» **Directions for this task**
Could you give the entries back exactly as they stand, minus any pictures?

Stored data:
########

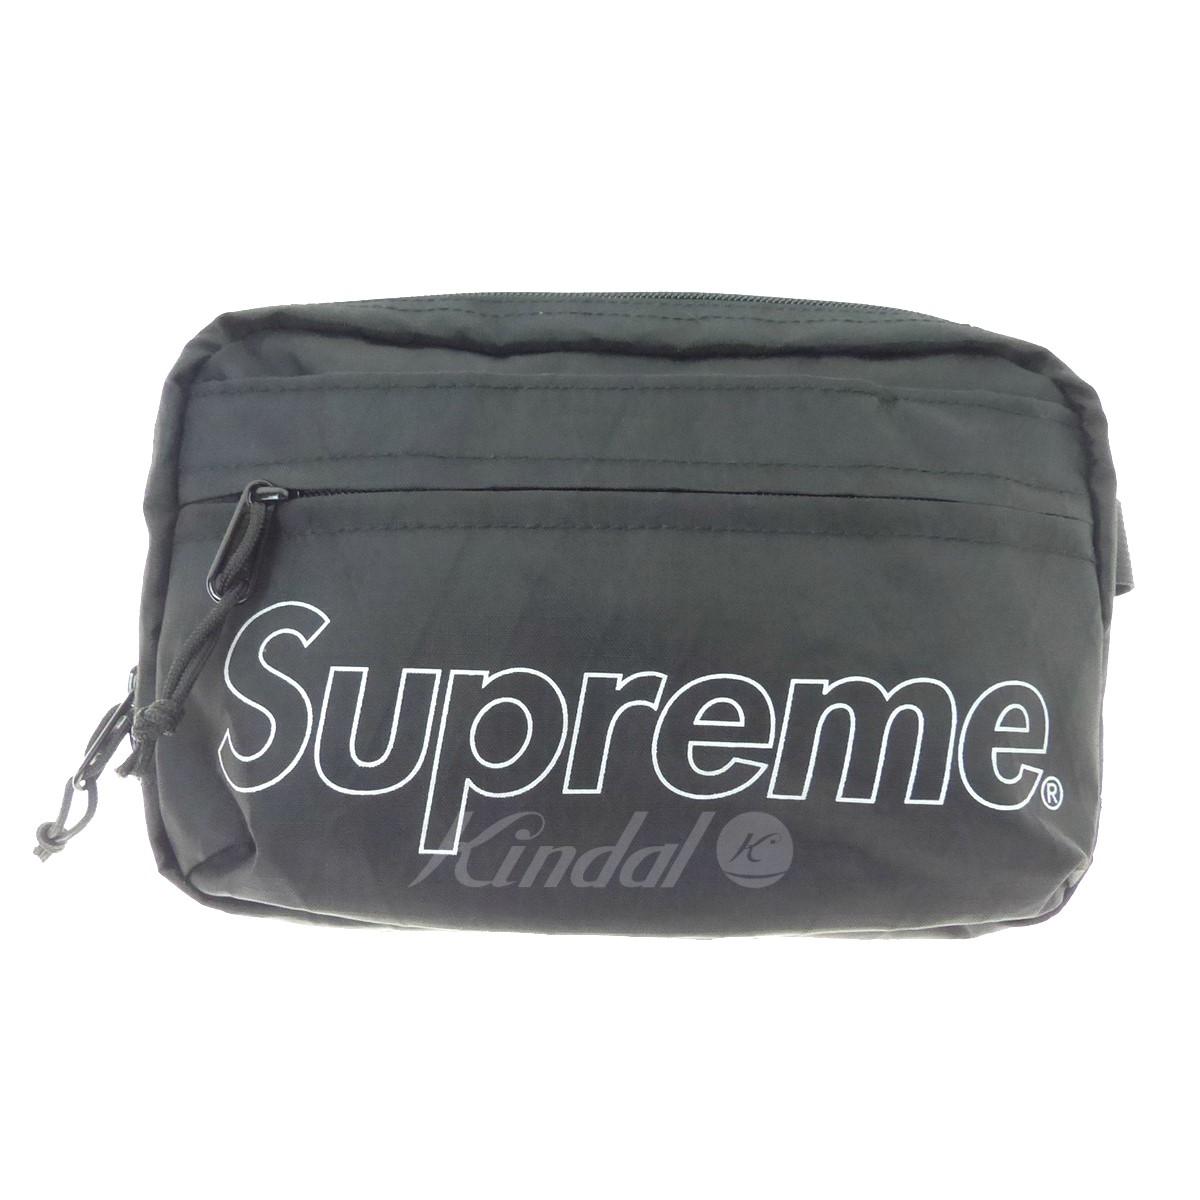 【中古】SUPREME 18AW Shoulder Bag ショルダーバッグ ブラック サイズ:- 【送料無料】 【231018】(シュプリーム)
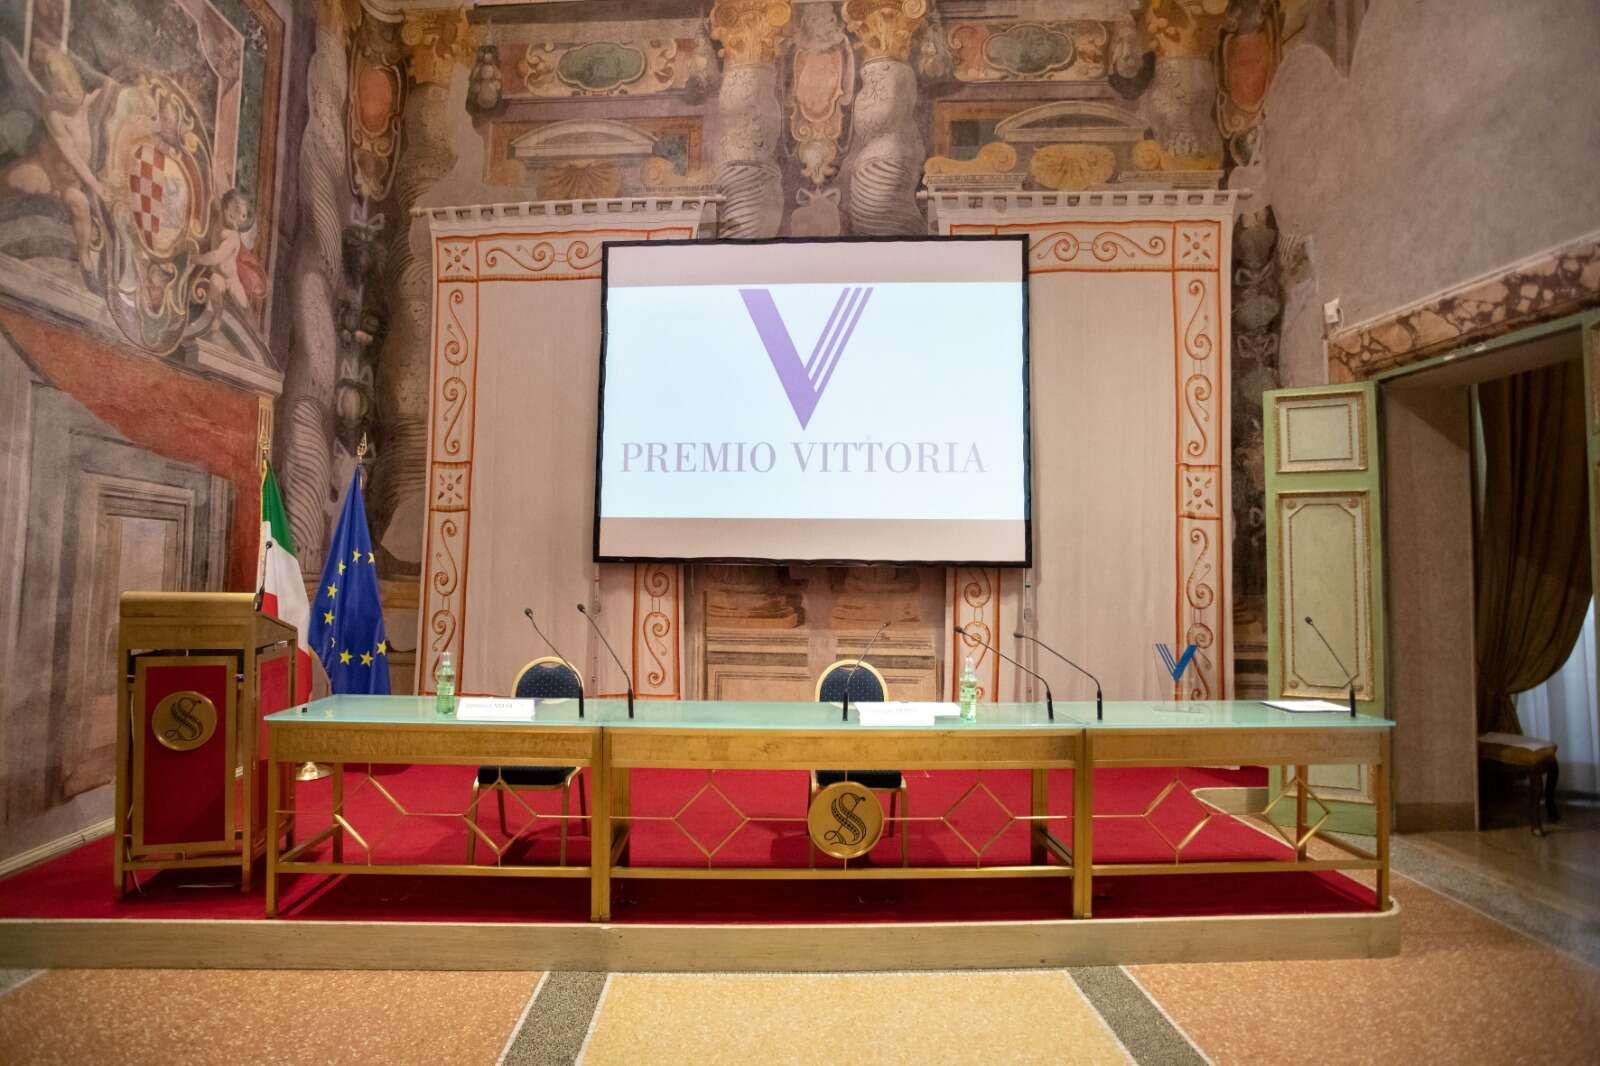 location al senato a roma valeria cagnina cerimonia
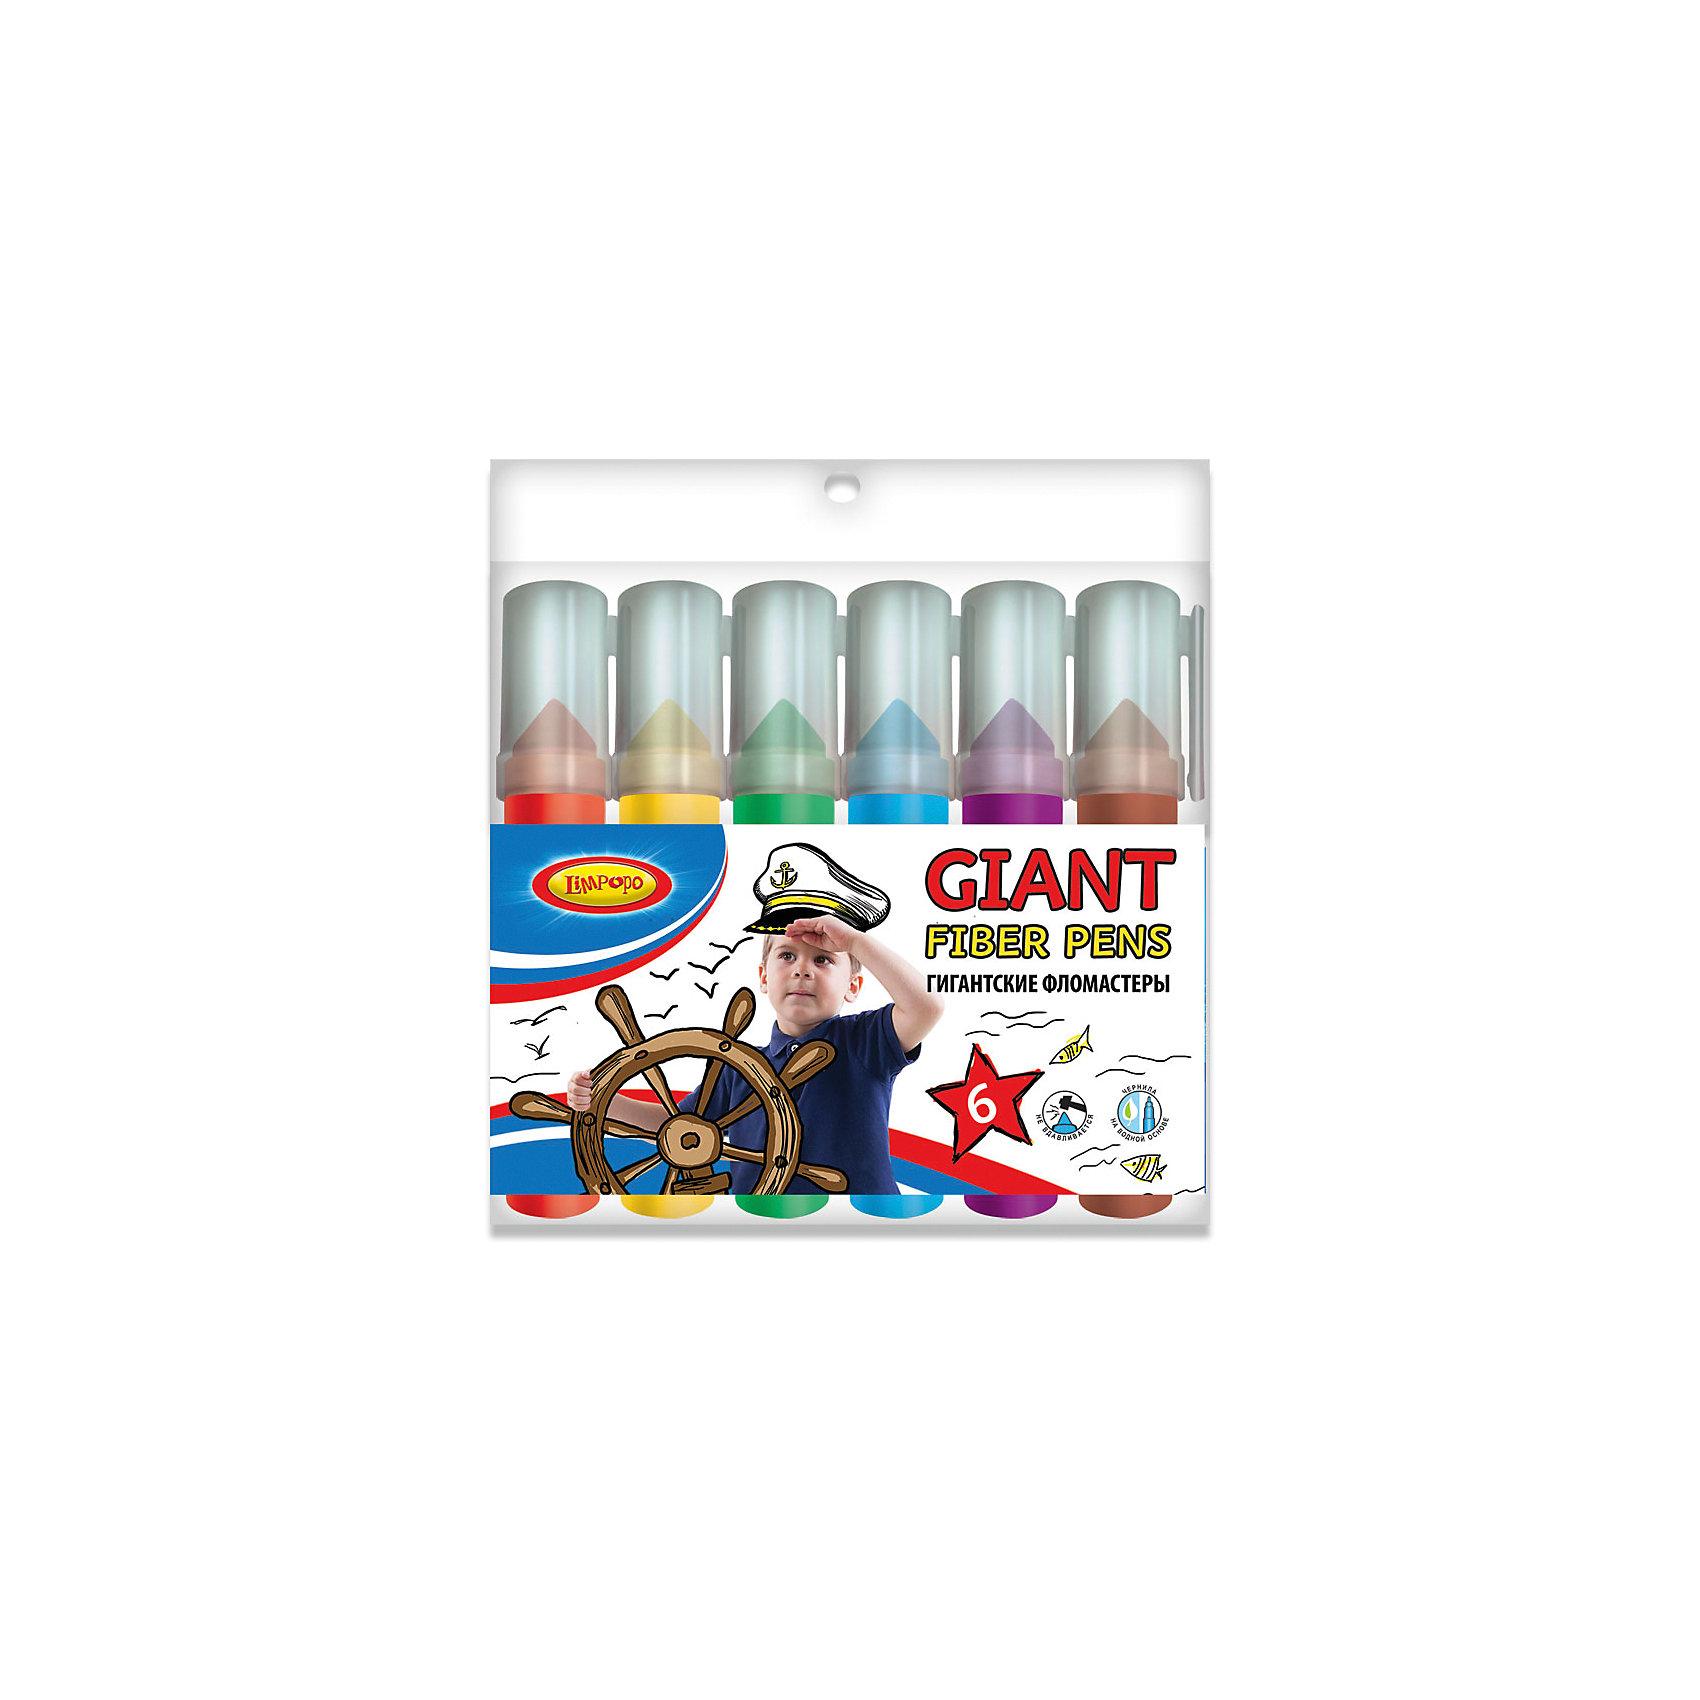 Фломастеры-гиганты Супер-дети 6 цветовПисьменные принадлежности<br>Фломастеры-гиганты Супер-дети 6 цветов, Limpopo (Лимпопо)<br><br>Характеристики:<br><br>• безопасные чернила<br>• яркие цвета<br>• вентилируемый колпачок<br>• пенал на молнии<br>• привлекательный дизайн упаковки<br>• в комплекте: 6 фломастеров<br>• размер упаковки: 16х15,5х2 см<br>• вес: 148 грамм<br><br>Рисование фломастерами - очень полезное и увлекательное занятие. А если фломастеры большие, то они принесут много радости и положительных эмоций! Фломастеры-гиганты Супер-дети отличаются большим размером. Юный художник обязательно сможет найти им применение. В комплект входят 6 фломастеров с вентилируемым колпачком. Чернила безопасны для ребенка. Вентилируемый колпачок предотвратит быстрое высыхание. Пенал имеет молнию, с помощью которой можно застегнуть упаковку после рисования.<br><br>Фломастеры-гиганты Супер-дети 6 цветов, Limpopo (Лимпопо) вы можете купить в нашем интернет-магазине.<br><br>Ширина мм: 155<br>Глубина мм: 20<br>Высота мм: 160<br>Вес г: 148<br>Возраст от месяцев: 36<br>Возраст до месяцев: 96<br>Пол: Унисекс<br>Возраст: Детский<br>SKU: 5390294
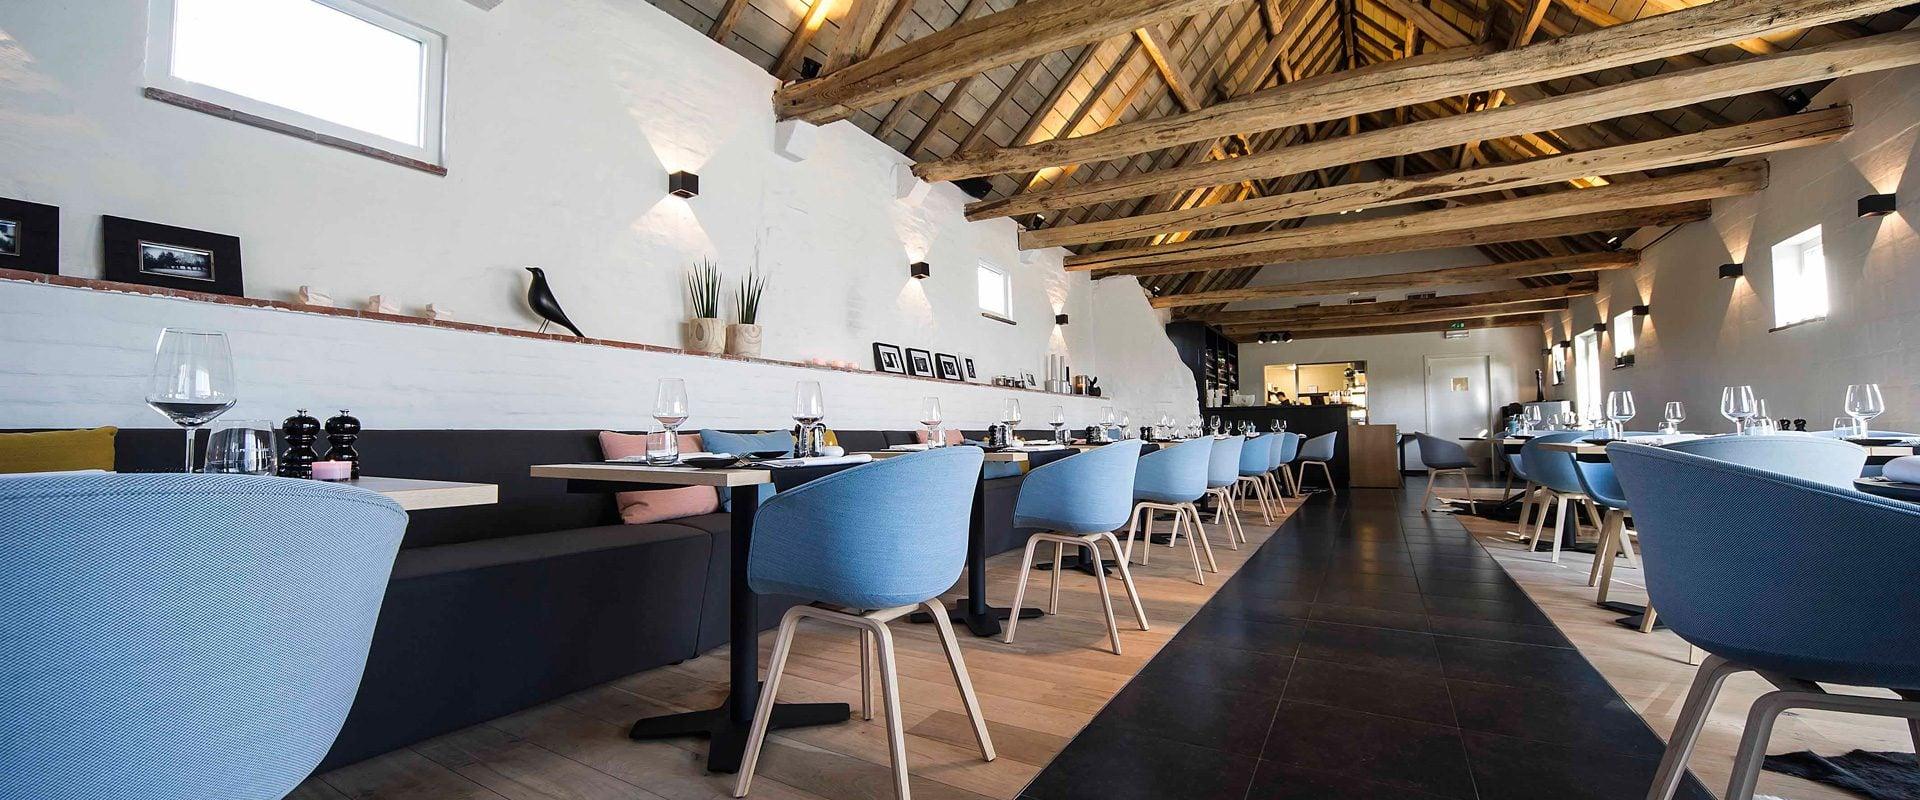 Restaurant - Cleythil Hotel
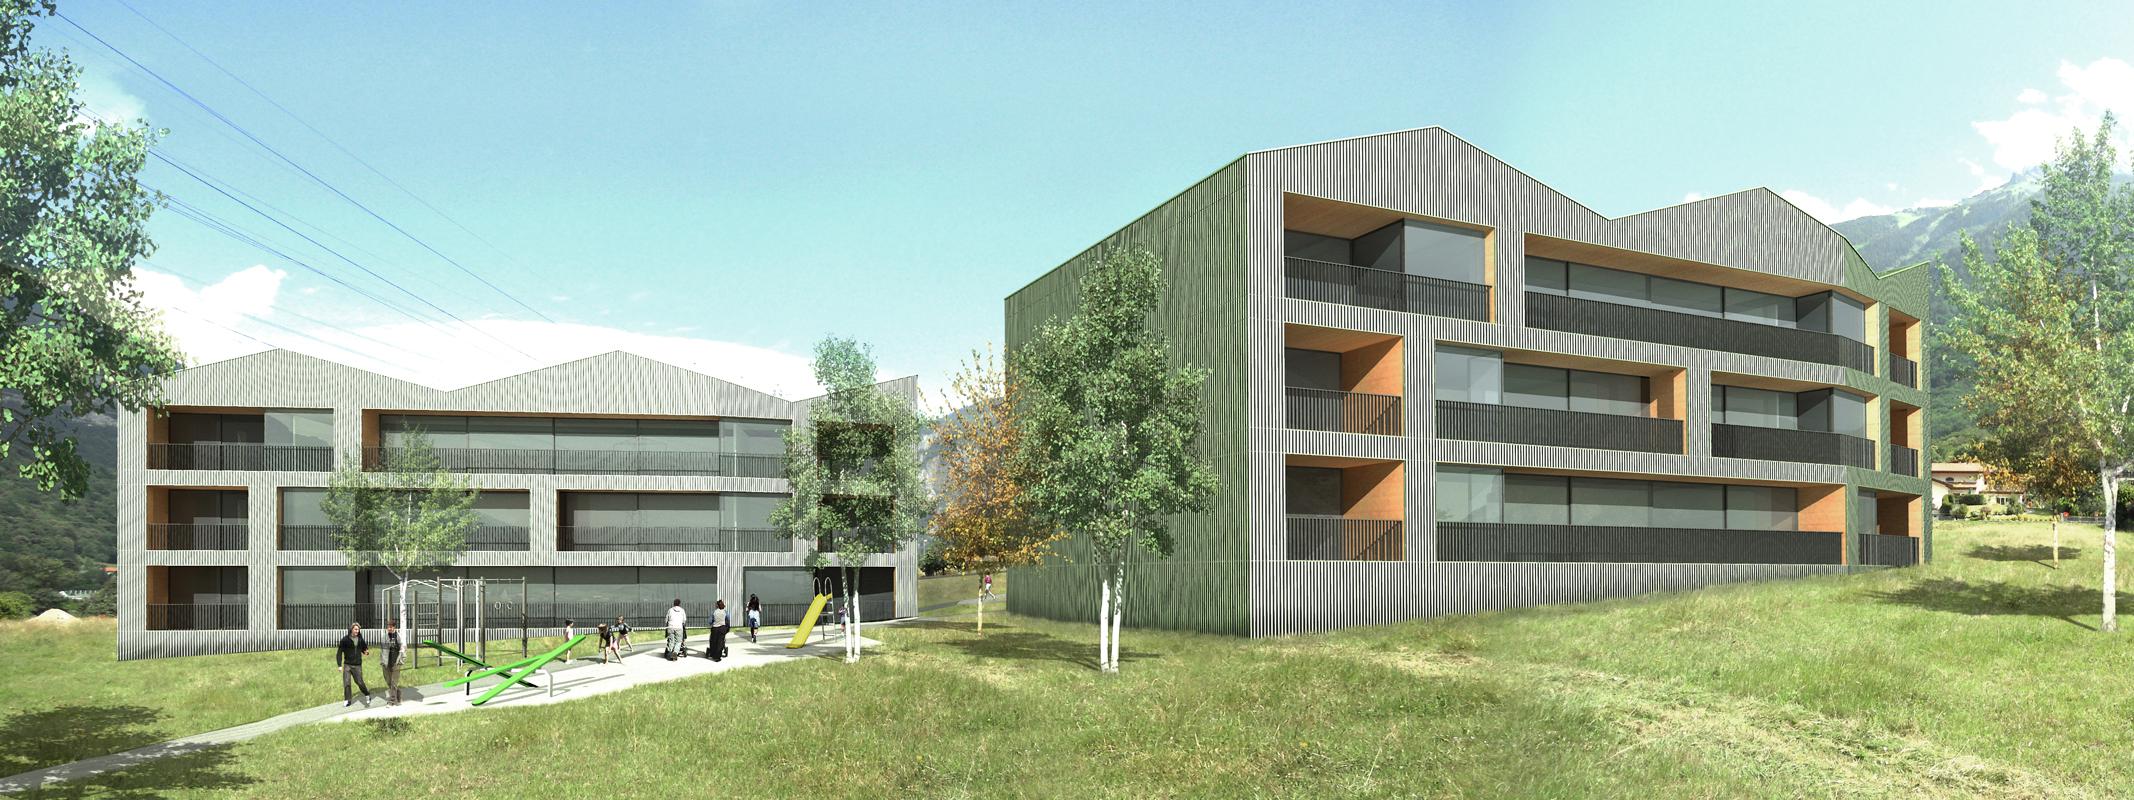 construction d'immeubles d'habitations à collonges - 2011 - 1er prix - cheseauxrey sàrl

########

» **Response to the exercise**
 【中古】SUPREME 18AW Shoulder Bag ショルダーバッグ ブラック サイズ:- 【送料無料】 【231018】(シュプリーム)
 location al senato a roma valeria cagnina cerimonia
 Фломастеры-гиганты Супер-дети 6 цветовПисьменные принадлежности<br>Фломастеры-гиганты Супер-дети 6 цветов, Limpopo (Лимпопо)<br><br>Характеристики:<br><br>• безопасные чернила<br>• яркие цвета<br>• вентилируемый колпачок<br>• пенал на молнии<br>• привлекательный дизайн упаковки<br>• в комплекте: 6 фломастеров<br>• размер упаковки: 16х15,5х2 см<br>• вес: 148 грамм<br><br>Рисование фломастерами - очень полезное и увлекательное занятие. А если фломастеры большие, то они принесут много радости и положительных эмоций! Фломастеры-гиганты Супер-дети отличаются большим размером. Юный художник обязательно сможет найти им применение. В комплект входят 6 фломастеров с вентилируемым колпачком. Чернила безопасны для ребенка. Вентилируемый колпачок предотвратит быстрое высыхание. Пенал имеет молнию, с помощью которой можно застегнуть упаковку после рисования.<br><br>Фломастеры-гиганты Супер-дети 6 цветов, Limpopo (Лимпопо) вы можете купить в нашем интернет-магазине.<br><br>Ширина мм: 155<br>Глубина мм: 20<br>Высота мм: 160<br>Вес г: 148<br>Возраст от месяцев: 36<br>Возраст до месяцев: 96<br>Пол: Унисекс<br>Возраст: Детский<br>SKU: 5390294
 Restaurant - Cleythil Hotel
 construction d'immeubles d'habitations à collonges - 2011 - 1er prix - cheseauxrey sàrl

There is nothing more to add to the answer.